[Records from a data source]
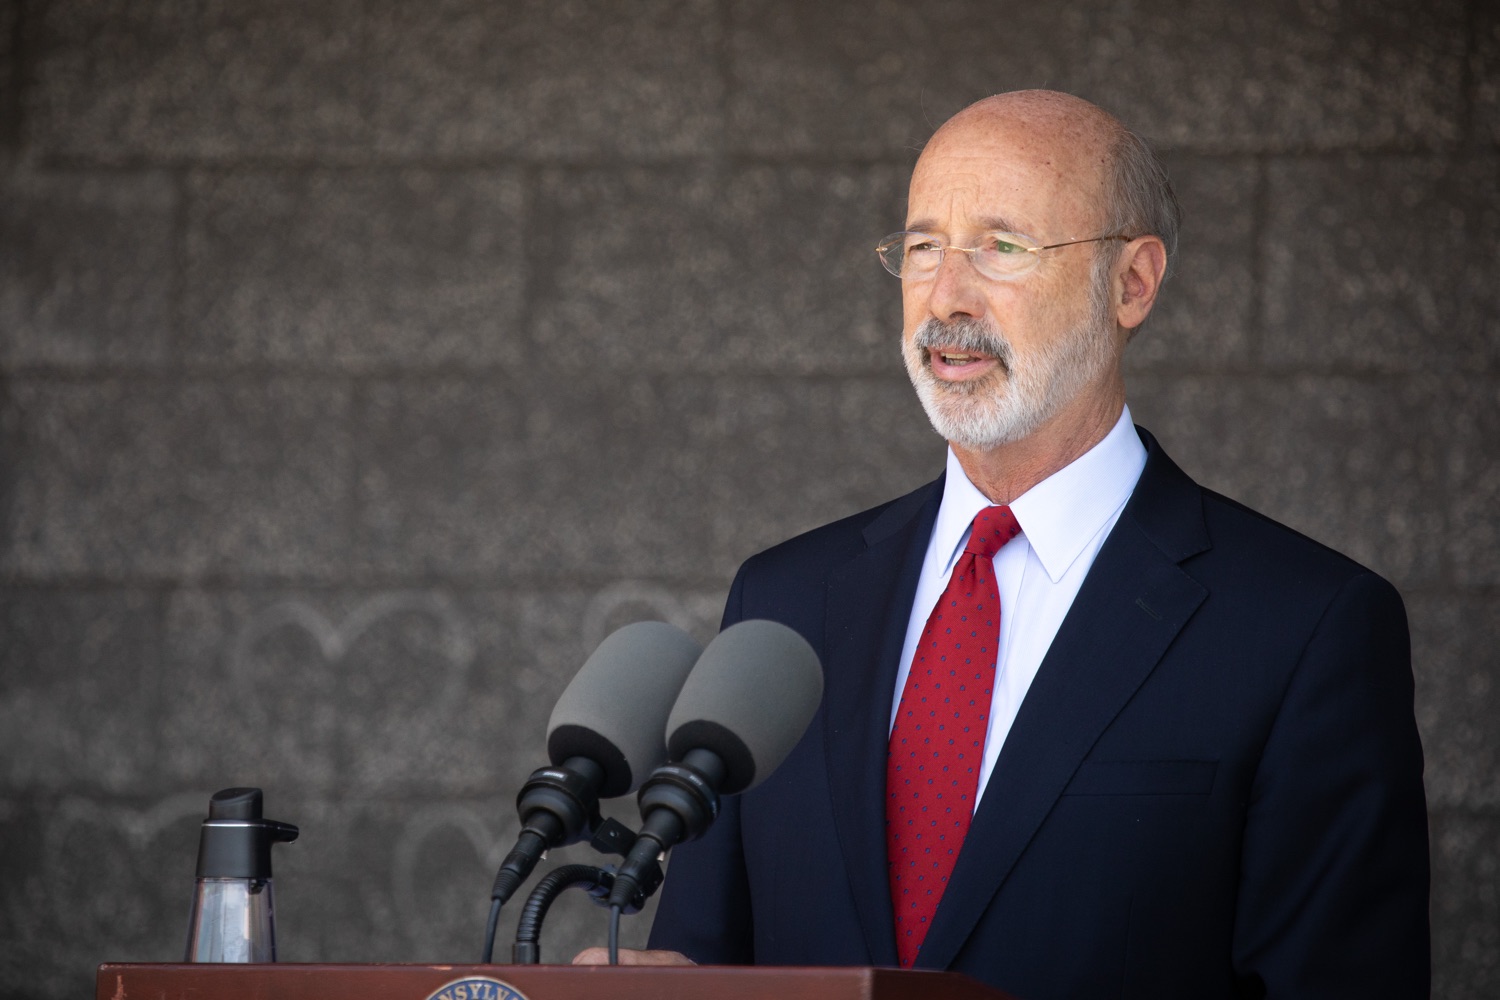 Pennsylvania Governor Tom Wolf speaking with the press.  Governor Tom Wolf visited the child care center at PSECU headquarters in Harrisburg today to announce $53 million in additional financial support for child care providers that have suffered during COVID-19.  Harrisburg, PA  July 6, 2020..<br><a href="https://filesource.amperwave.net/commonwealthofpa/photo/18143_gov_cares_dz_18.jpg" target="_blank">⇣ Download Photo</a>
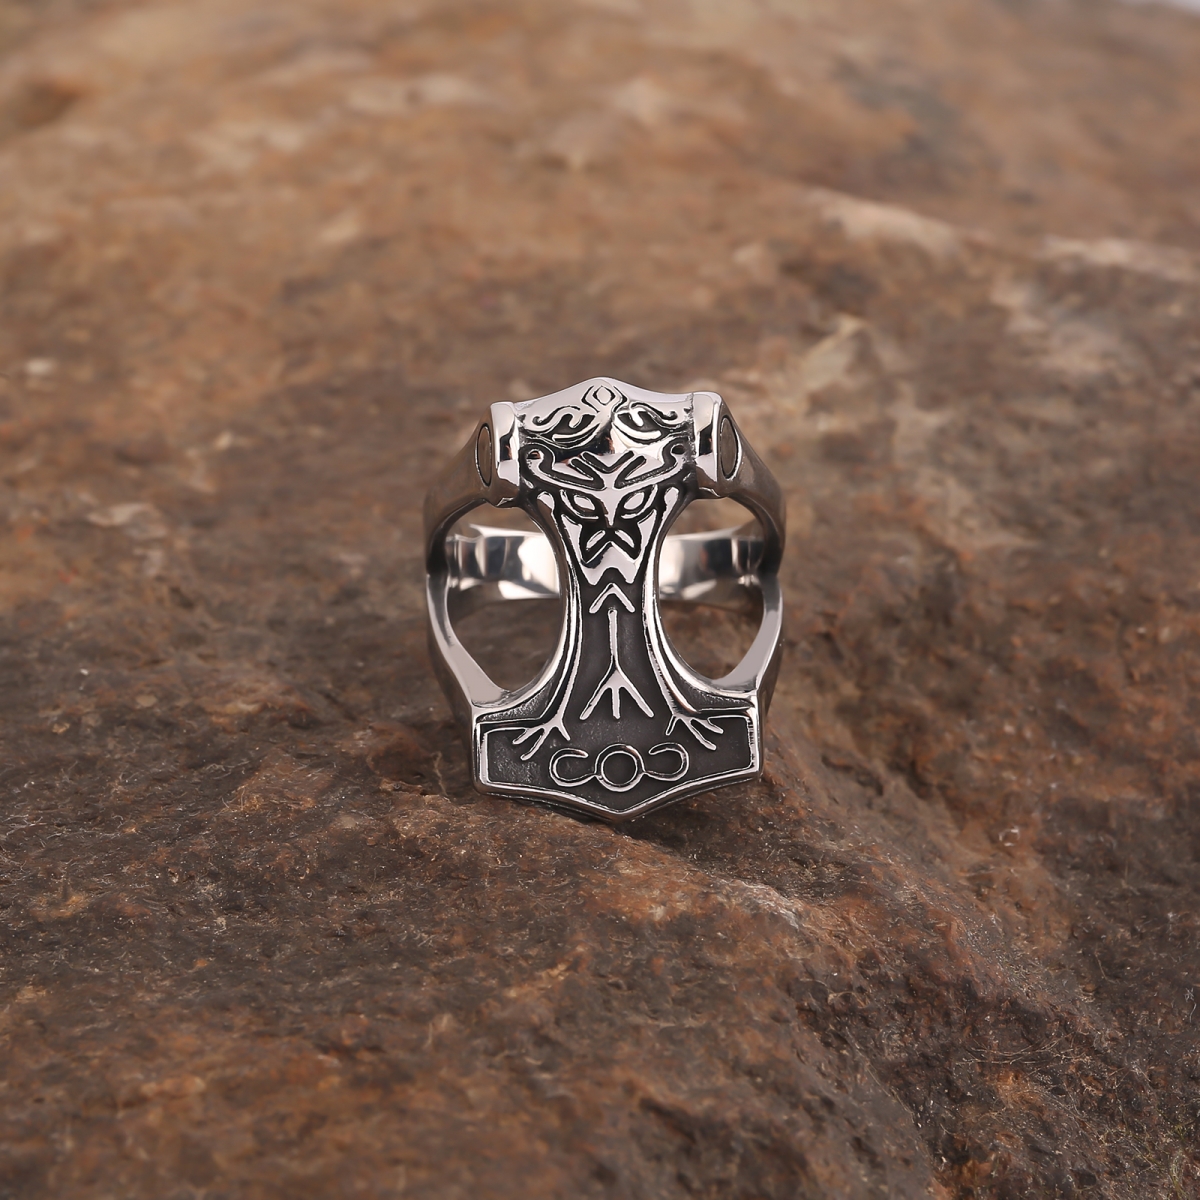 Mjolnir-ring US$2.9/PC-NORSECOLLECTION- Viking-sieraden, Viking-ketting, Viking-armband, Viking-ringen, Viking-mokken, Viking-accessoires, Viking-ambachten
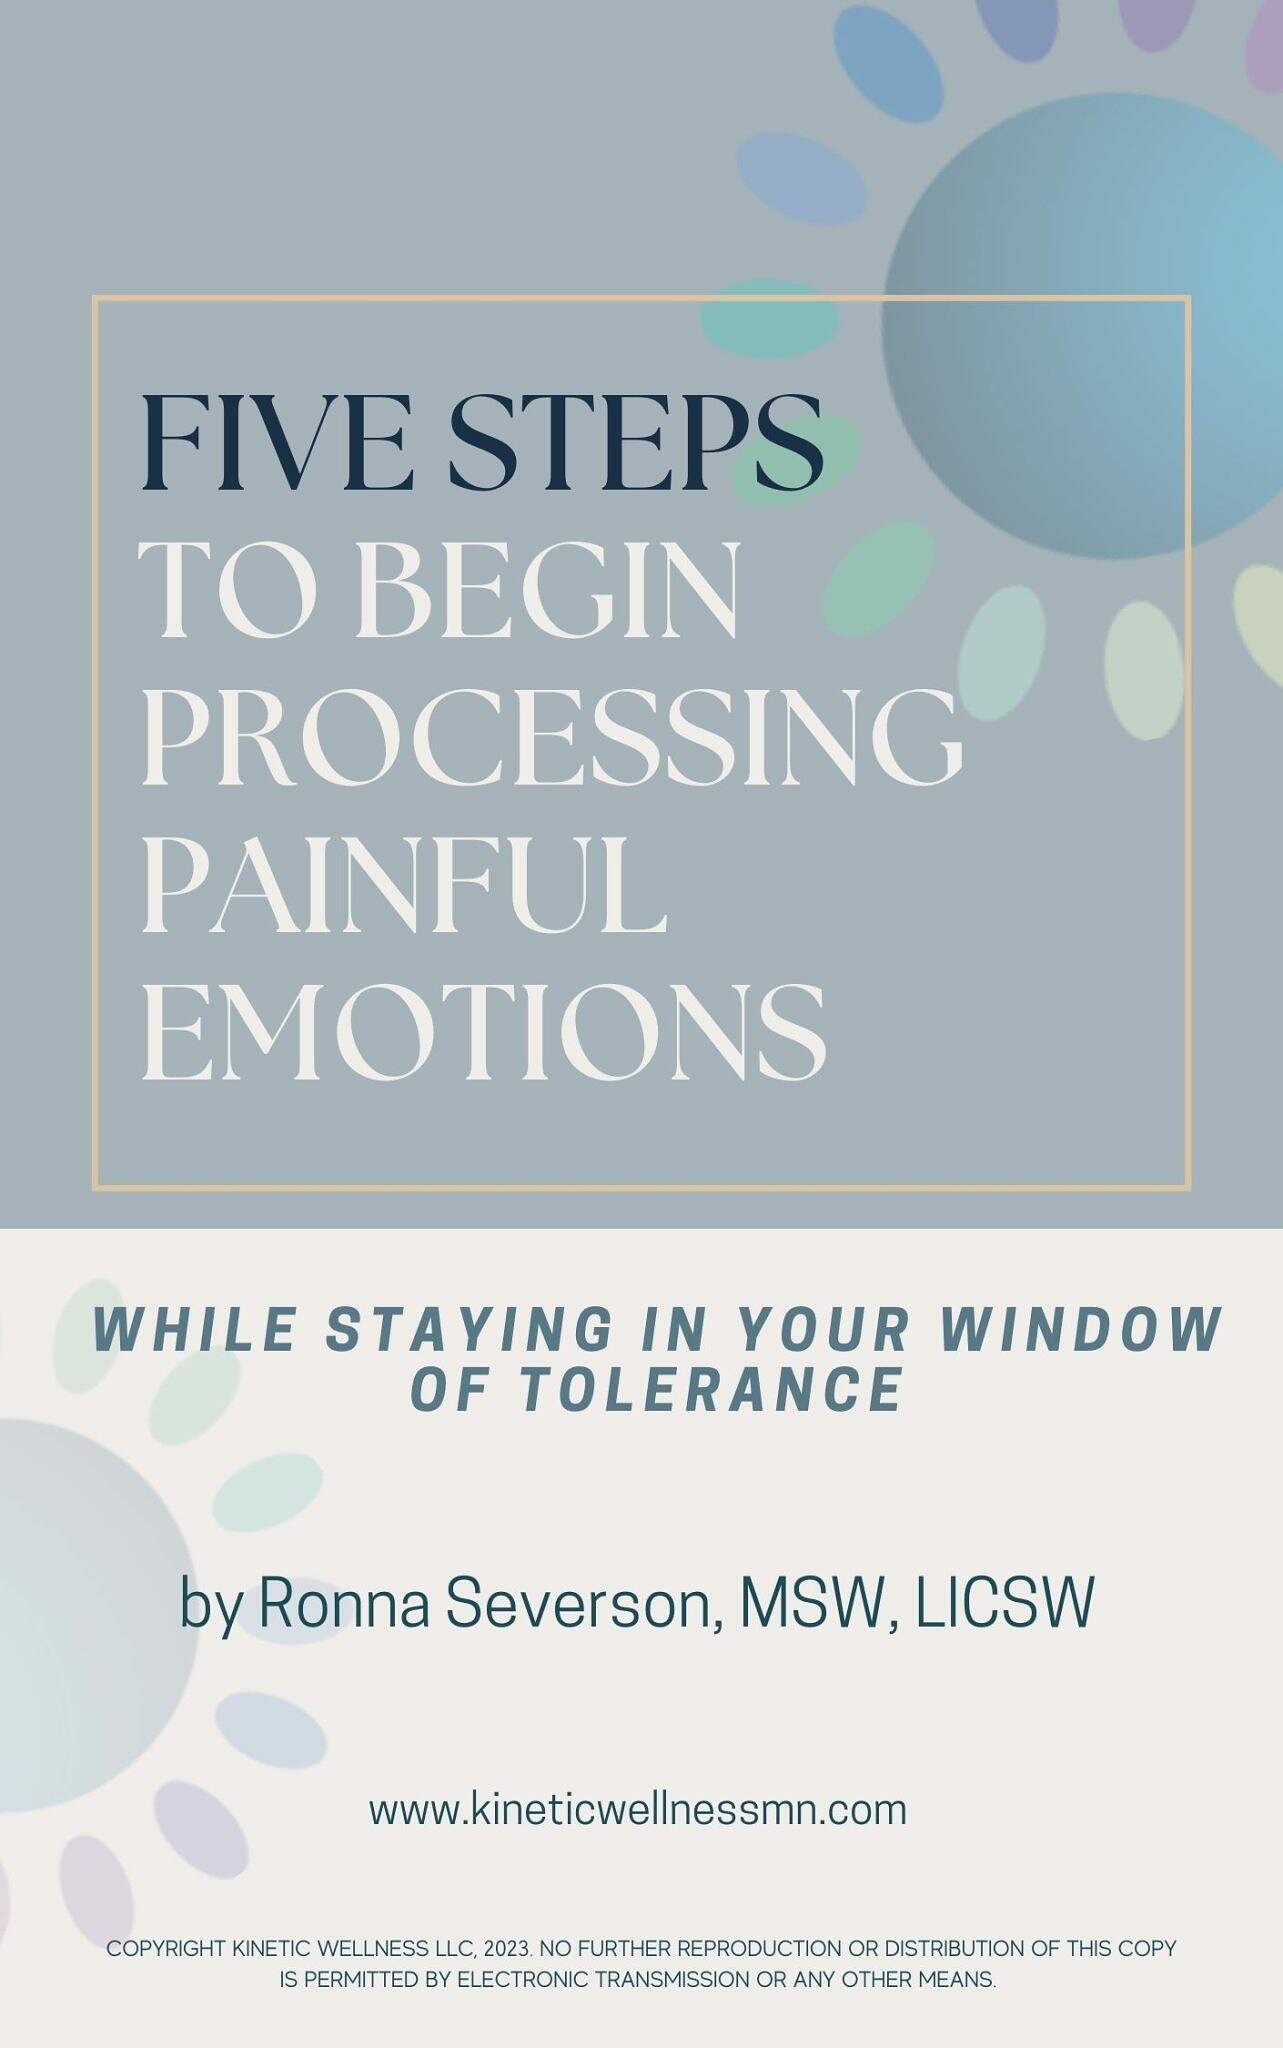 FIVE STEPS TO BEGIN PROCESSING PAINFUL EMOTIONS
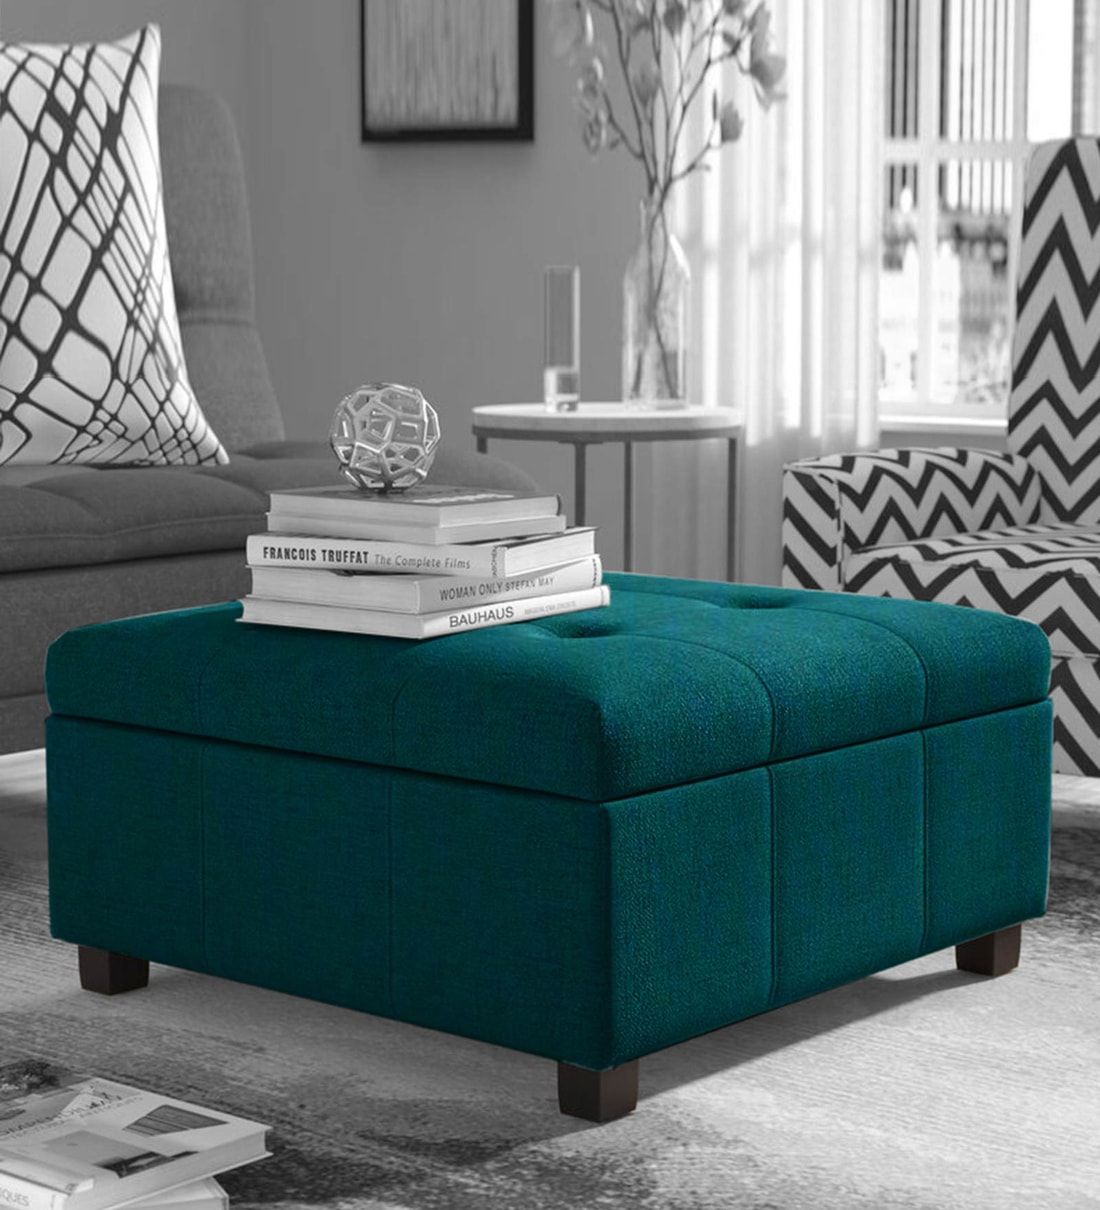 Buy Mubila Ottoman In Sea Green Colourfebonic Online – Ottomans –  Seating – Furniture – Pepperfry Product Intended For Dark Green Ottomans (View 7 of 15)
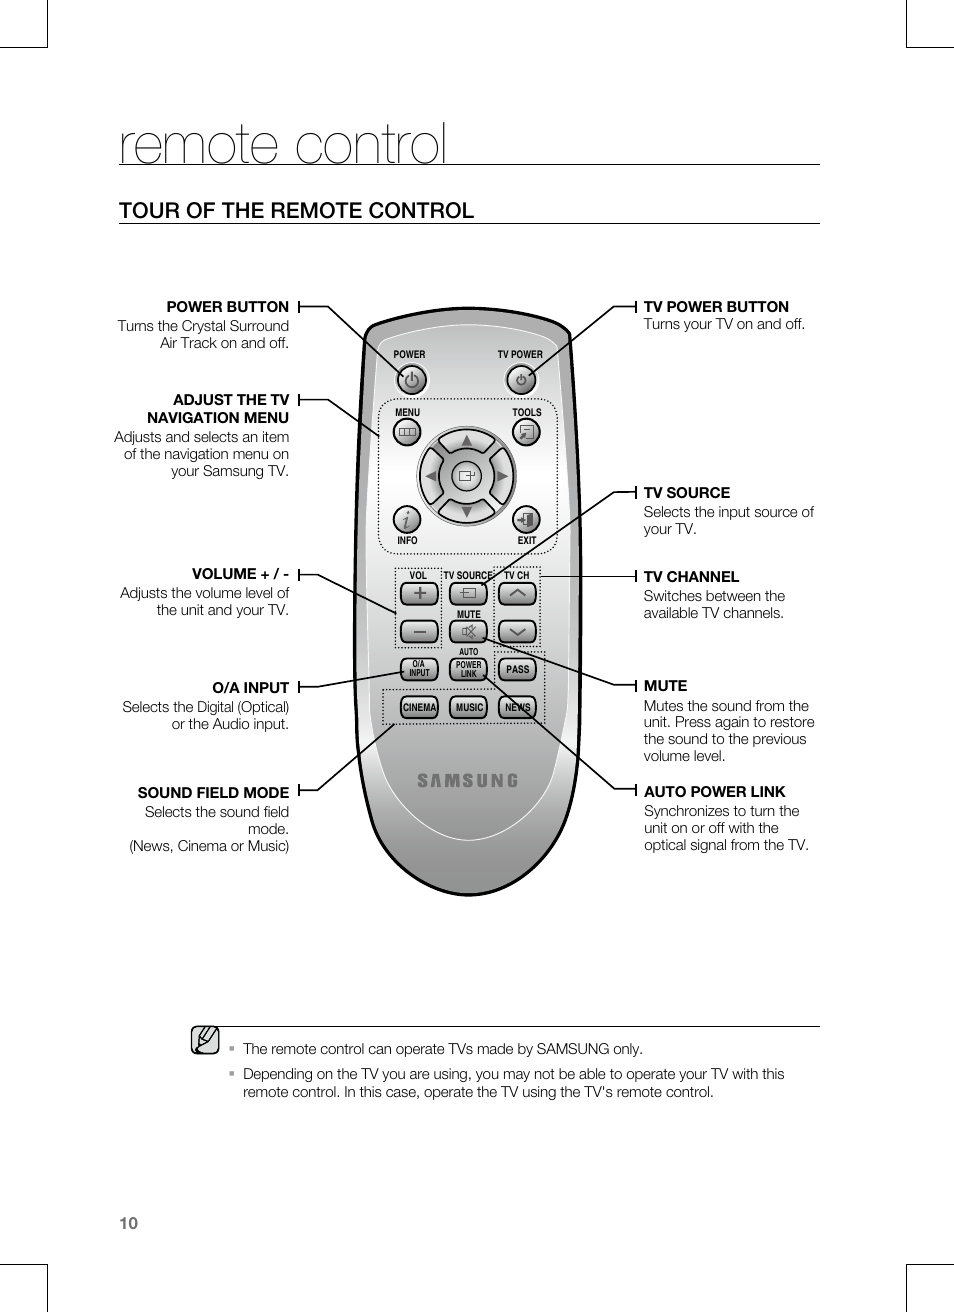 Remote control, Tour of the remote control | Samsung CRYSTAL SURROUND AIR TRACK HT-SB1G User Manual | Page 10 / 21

◆ **Task prompt**: From the line that contains "Viking-mokken, Viking-accessoires, Viking-ambachten" down to the final line of the entries above, please copy each line exactly, excluding pictures.

◆ **Answer to the exercise**:
 Mjolnir-ring US$2.9/PC-NORSECOLLECTION- Viking-sieraden, Viking-ketting, Viking-armband, Viking-ringen, Viking-mokken, Viking-accessoires, Viking-ambachten
 FIVE STEPS TO BEGIN PROCESSING PAINFUL EMOTIONS
 Buy Mubila Ottoman In Sea Green Colourfebonic Online – Ottomans –  Seating – Furniture – Pepperfry Product Intended For Dark Green Ottomans (View 7 of 15)
 Remote control, Tour of the remote control | Samsung CRYSTAL SURROUND AIR TRACK HT-SB1G User Manual | Page 10 / 21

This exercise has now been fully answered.